Yes, you can cook a pâté en terrine—also called pâté or terrine—sous vide style. There are a couple ways to do this.
The first way is to put your terrine dish in a water bath that’s heated with a sous vide immersion circulator and cook it until it’s done. The water bath goes to the upper edge of your terrine, just as it would in an oven water bath. The water isn’t high enough to get into the terrine dish.
In the Chef Steps recipe and article, Million-Dollar Country Pâté: A Simple Recipe That Looks (and Tastes!) Like a Million Bucks, they say the cooking time is about two hours, which is longer than pâtés cooked in a water bath in the oven (but depends on your recipe and temperature, of course).
Chef Steps also has a Chicken Liver Pâté recipe cooked sous vide in small mason jars; it looks delish. (You could also take the mason jar approach with the other recipe to get mini pâtés. A one-cup, wide-mouth mason jar would make a great pâté hostess gift, for example.)
I have to say, I like this idea for the summertime when it feels too hot to turn on the oven (is it just me who doesn’t have air conditioning?). Plus, by cooking your pâté in the terrine (or mason jars), you take out the element of cooking food in plastic or silicone. I know many people believe it’s safe to cook food in “food safe” plastic but I’m not one of those people.
If you don’t have a proper terrine mold with a lid, there’s still another way to sous vide. You simply put whatever terrine dish you have (a loaf pan, for example) in a plastic sous vide bag, suck out all the air and seal it. Then the whole pâté can be submerged in the water bath for cooking. To see an example of how this works, check out the Daily Brine recipe and article, Pâté de Campagne en Sous Vide.
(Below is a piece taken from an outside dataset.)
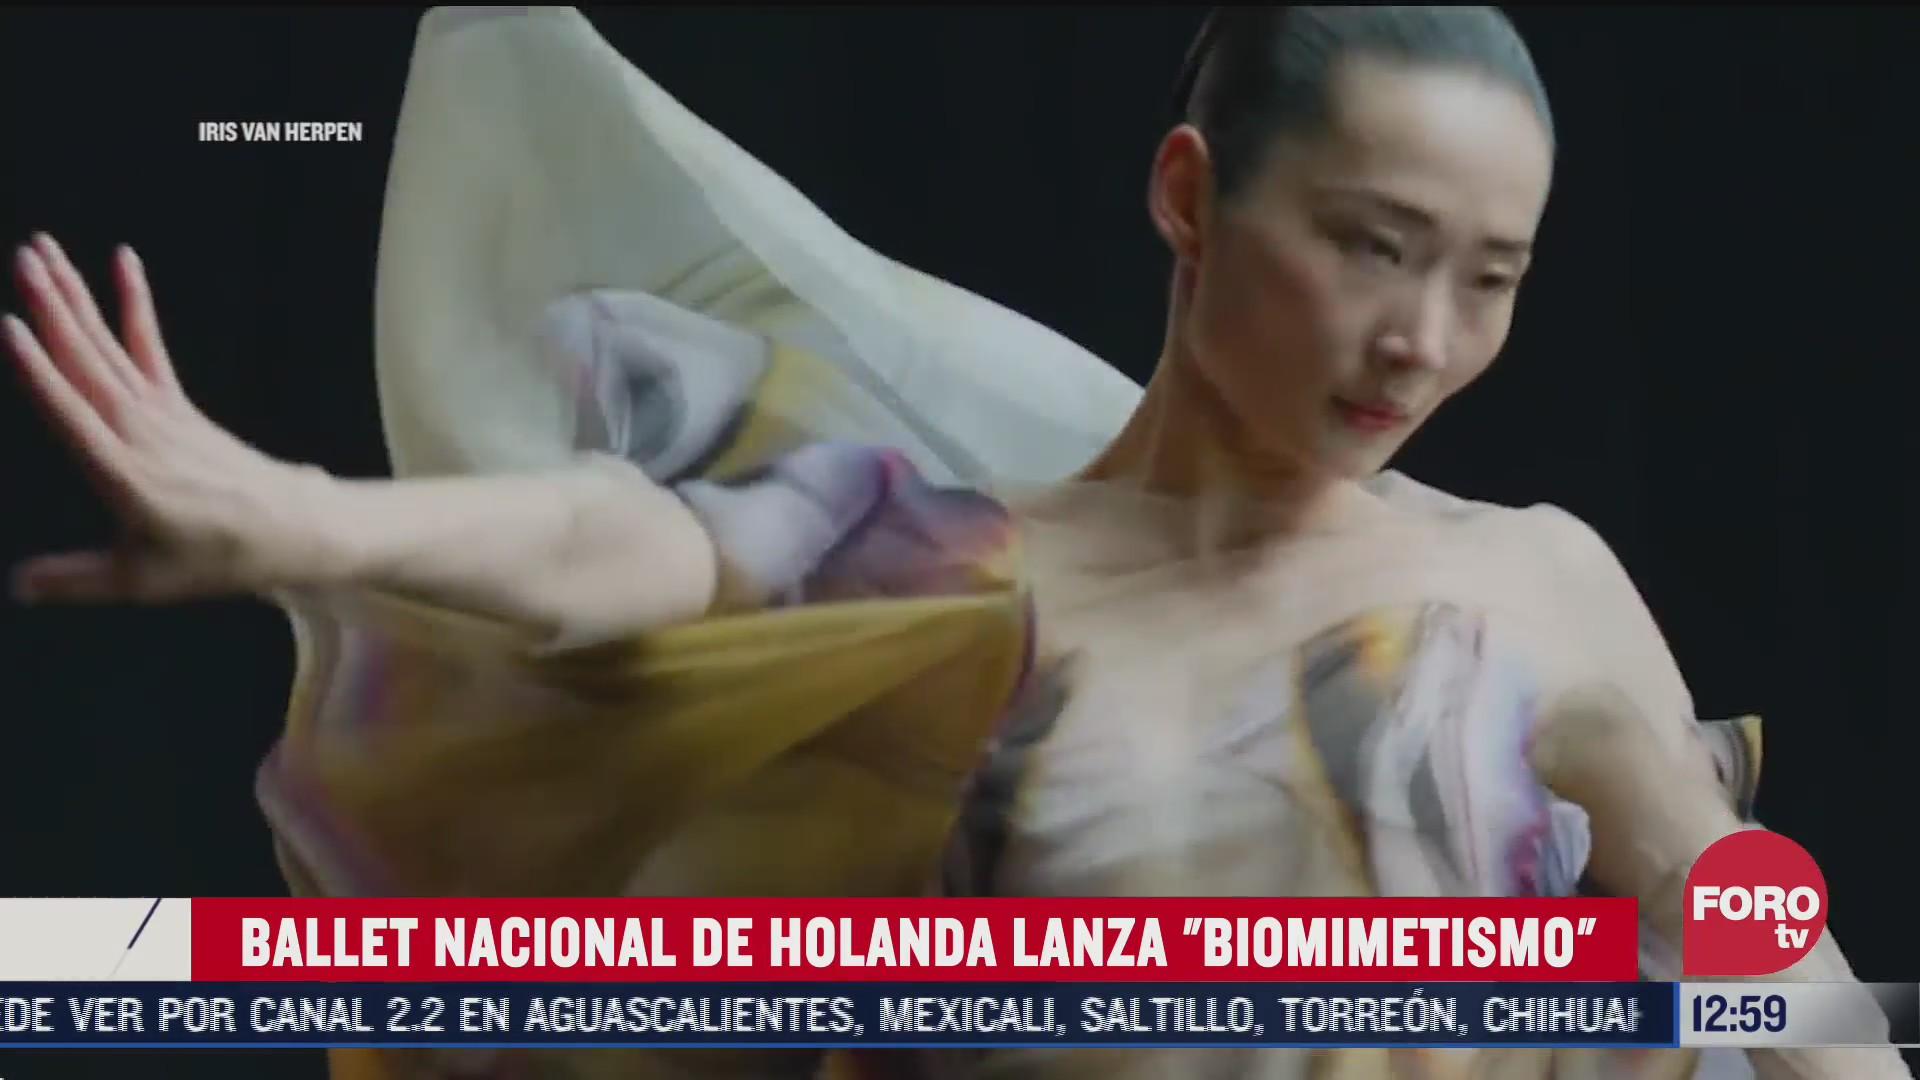 ballet nacional de holanda lanza biomimetismo

Another option for chicken liver pâté is to sous vide the chicken livers before mixing them in with all the other pâté ingredients. An example of this is on the Cook Like A Chef at Home blog in the recipe and article, Sous Vide Chicken Liver Pate with Onion Jam.
In the comments of this recipe, reader (and lover of this recipe) Paul, says, “Modern chicken production is plagued by salmonella issues, but also chicken livers can get bitter by overcooking. The problem arises on how to cook them sufficiently that they are pasteurized, but not overcooked that they become bitter. Most recipes call for pan-frying of livers but usually state that they shouldn’t be ‘overcooked’. When one attempts to pan-fry a chicken liver, they are very difficult to cook all the way through as livers are quite ‘dry’, with no fat internally and can still be quite bloody inside even when the outside is brown …”
That’s an interesting tip.
Conclusion
Well, there you have it. Sous vide and confit are ways to slowly cook your food, with and without a gallon of duck fat or lard. I must admit that reading about sous vide pâtés has warmed me up to the idea of sous vide (though not the idea of cooking in plastic). May your confit duck legs and sous vide duck legs both come in first place at your taste test competition!